Berlioz était un chef d'orchestre d'une exigence redoutable : pour la création de sa Grande Messe des morts en 1837, il mobilisa plus de 400 musiciens et chanteurs dans l'église des Invalides à Paris. Lorsque le chef invité faillit rater une entrée cruciale, Berlioz bondit et dirigea lui-même, sauvant l'exécution in extremis.

Grand voyageur, Berlioz fut acclamé en Allemagne, en Russie et en Angleterre bien avant d'être reconnu en France. À Saint-Pétersbourg en 1847, le tsar Nicolas Ier assista à son concert et lui offrit une bague ornée d'un diamant. Berlioz écrivit que ses tournées européennes lui rapportaient davantage de gloire et d'argent que toute sa carrière parisienne réunie.

Sources primaires

Mémoires de Berlioz (1865 (rédigés entre 1848 et 1865))
Je vis pour la première fois Harriet Smithson dans le rôle d'Ophélie... Ce fut un coup de foudre d'une violence inouïe. Je sentis que ma vie musicale allait changer de cours.
Grand Traité d'instrumentation et d'orchestration modernes (1844)
L'orchestre peut chanter, prier, rêver, pleurer. Chaque instrument a une voix propre, un caractère, une âme que le compositeur doit connaître comme le peintre connaît ses couleurs.
Lettre à son père Louis Berlioz (1828)
Je veux faire de la musique comme on n'en a jamais entendu. Non pas des sons agréables, mais des sons vrais, capables d'exprimer les passions les plus violentes de l'âme humaine.
Critique musicale dans le Journal des Débats (1838)
Beethoven a ouvert un monde nouveau. Après lui, la symphonie ne peut plus être un simple divertissement : elle doit être un drame sonore, une confession, un cri de l'humanité.

Lieux clés

La Côte-Saint-André, Isère

Ville natale de Berlioz, où il passa son enfance et où son père médecin lui apprit la musique. Aujourd'hui siège du Festival Berlioz, créé en 1988.

Conservatoire national de Paris

Berlioz y étudia à partir de 1824 et y vécut ses premières luttes avec l'institution. Il y remporta le Prix de Rome en 1830 après de multiples échecs.
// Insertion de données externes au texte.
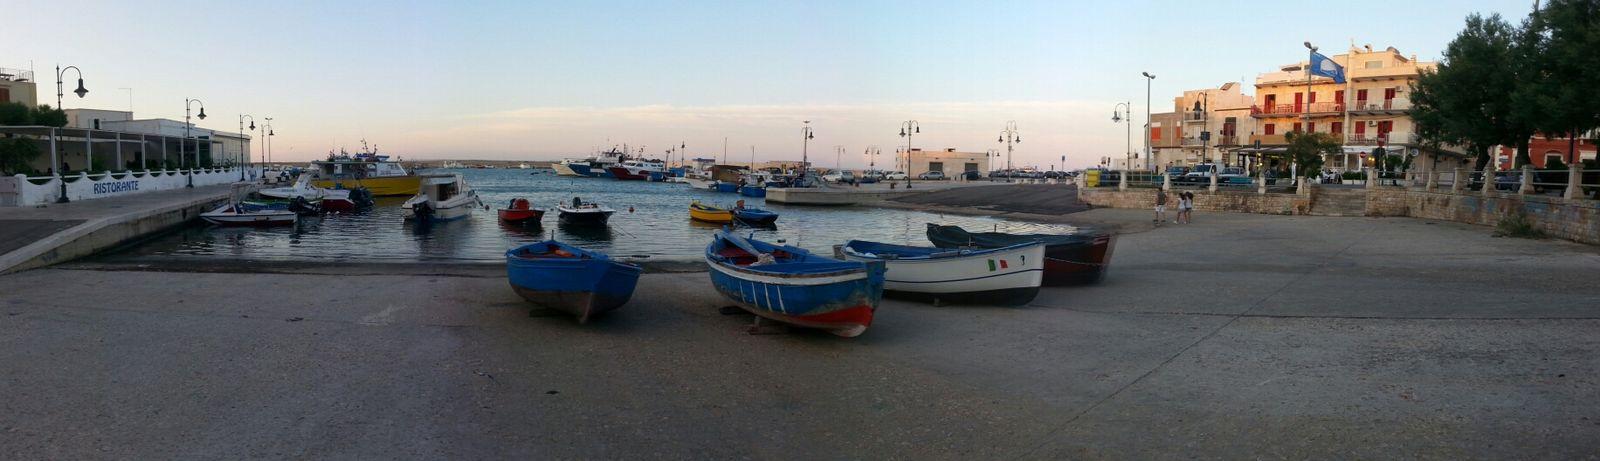 Summer Sea Boats Sunshine

Opéra de Paris (salle Le Peletier)

Principale salle parisienne de l'époque, où furent créées plusieurs de ses œuvres majeures, mais aussi théâtre de ses nombreuses déceptions face aux refus ou aux mutilations de ses partitions.

Villa Médicis, Rome

Résidence des lauréats du Prix de Rome, où Berlioz séjourna de 1831 à 1832. Il y fut plus fasciné par les paysages d'Italie que par la vie académique, s'inspirant de ces voyages pour Harold en Italie.

Église des Invalides, Paris

Lieu de la création triomphale de la Grande Messe des morts en 1837, avec plus de 400 interprètes mobilisés pour une cérémonie nationale en l'honneur des victimes de la guerre d'Algérie.